След, явственно выдавленный на плохом асфальтовом полу ломаной диагональю из одного угла к другому, особенно поразил, помню, мое молодое воображение. Сколько людей до меня ходили здесь из угла в угол, словно звери в клетке. Кто они были? И где же, собственно, я? Ответ на последний из этих вопросов не заставил себя ждать. На следующий день, около полудня, вдруг раздался близко-близко, можно сказать, совсем рядом, внезапный удар пушечного выстрела. А вслед за тем колокол начал вызванивать мелодичные звуки "Коль славен"...
Так вот оно что! Я сразу вырос в собственных глазах. Я - в Петропавловской крепости, где испокон веку сменяли друг друга поколения бойцов, чьи имена произносились нами с почти религиозным благоговением. Промелькнуло чувство гордости и тотчас сменилось другим, тревожным чувством. Как! Быть может, по этому извилистому следу когда-то шагал, хороня под тюремными думами свои скорбные думы, Чернышевский: быть может, сквозь этот бледный просвет окна вперял в тихие сумерки свой смелый и гордый взор Желябов...
В долгие тюремные сумерки, пока не приносили лампы, мое воображение неутомимо работало. Я так живо представлял себе своих предшественников, вызывал их образы, как будто их тени приходили ко мне и нашептывали, как посмертное завещание, какие-то смутные, вдохновляющие речи.
Одиночество мое было только относительным. Я уже не раз слышал постукивание в мою стену, свидетельствовавшее, что у меня есть соседи; я пытался отвечать им, но не сразу сообразил, что в стуке есть какая-то правильность, и стало быть, условная система. Перепробовав несколько возможных комбинаций разбивки азбуки на ряды, я скоро напал на ту, которая соответствовала общепринятой, и с тех пор всегда имел собеседников. На очень продолжительное время соседом моим был Н. С. Тютчев. Мы беседовали часто и подолгу. Перестукивание строго преследовалось в Петропавловской крепости; курящих за это преступление лишали табаку, а не курящих - права на получение книг из тюремной библиотеки. Приходилось быть начеку. Мы изловчались, как только могли. Так, например, стук в стену мы пробовали не без успеха заменить вышагиванием.

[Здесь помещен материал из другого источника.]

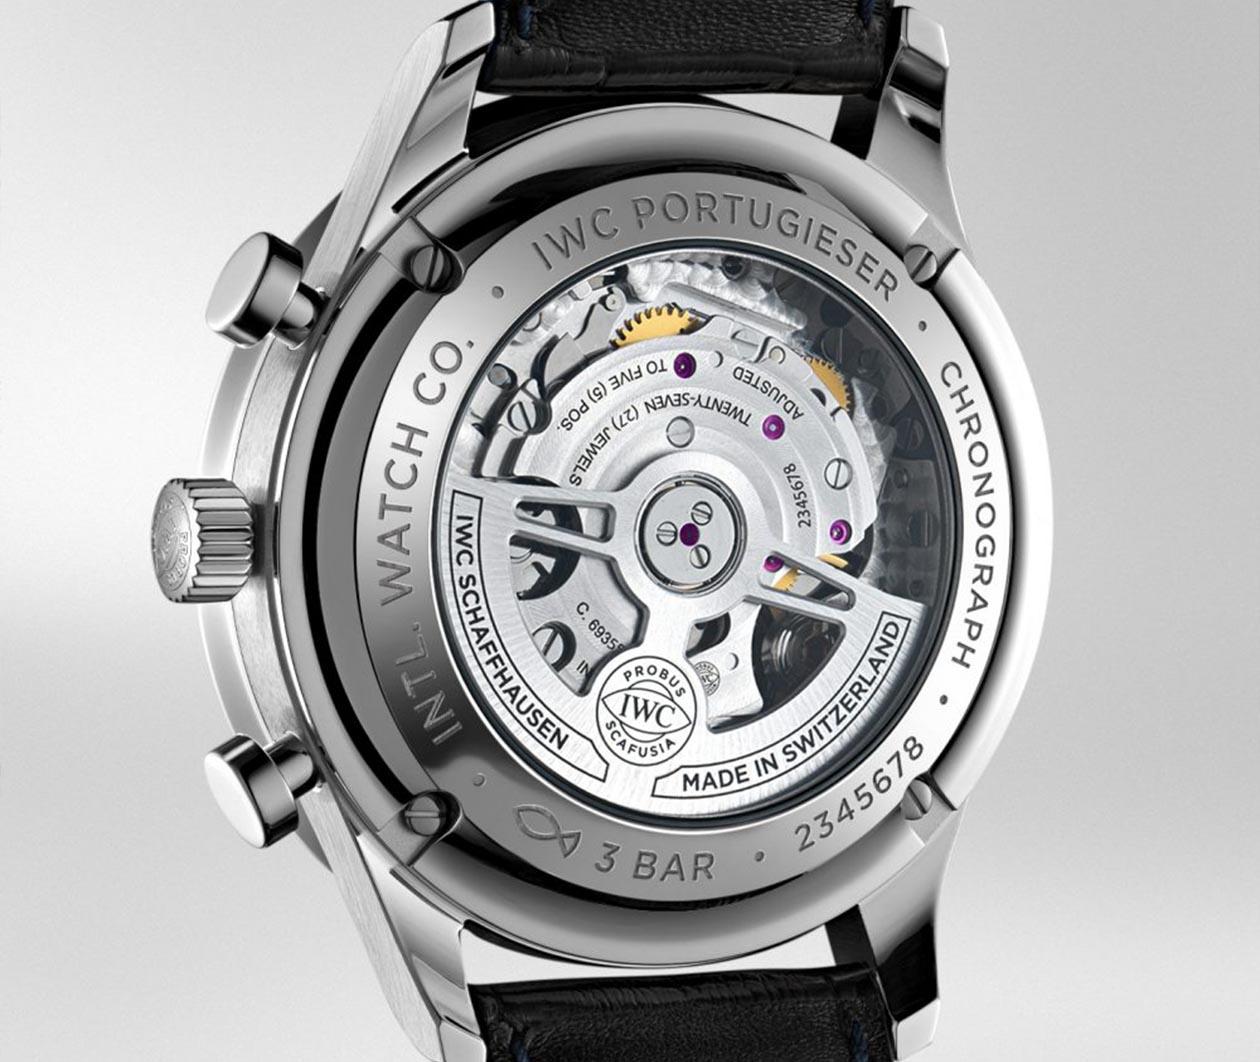 IWC Portugieser Chronograph IW371605 Carousel 5 FINAL

Поездка моя в Орел так и осталась неизвестной, как и обставленные достаточно конспиративно свидания с Натансоном и Тютчевым в Москве. Впрочем, моя репутация сочувствующего народовольчеству гарантировала меня от припутывания к делу "народоправцев". Скоро меня перестали вызывать на допросы: доля моего участия, видимо, считалась выясненной.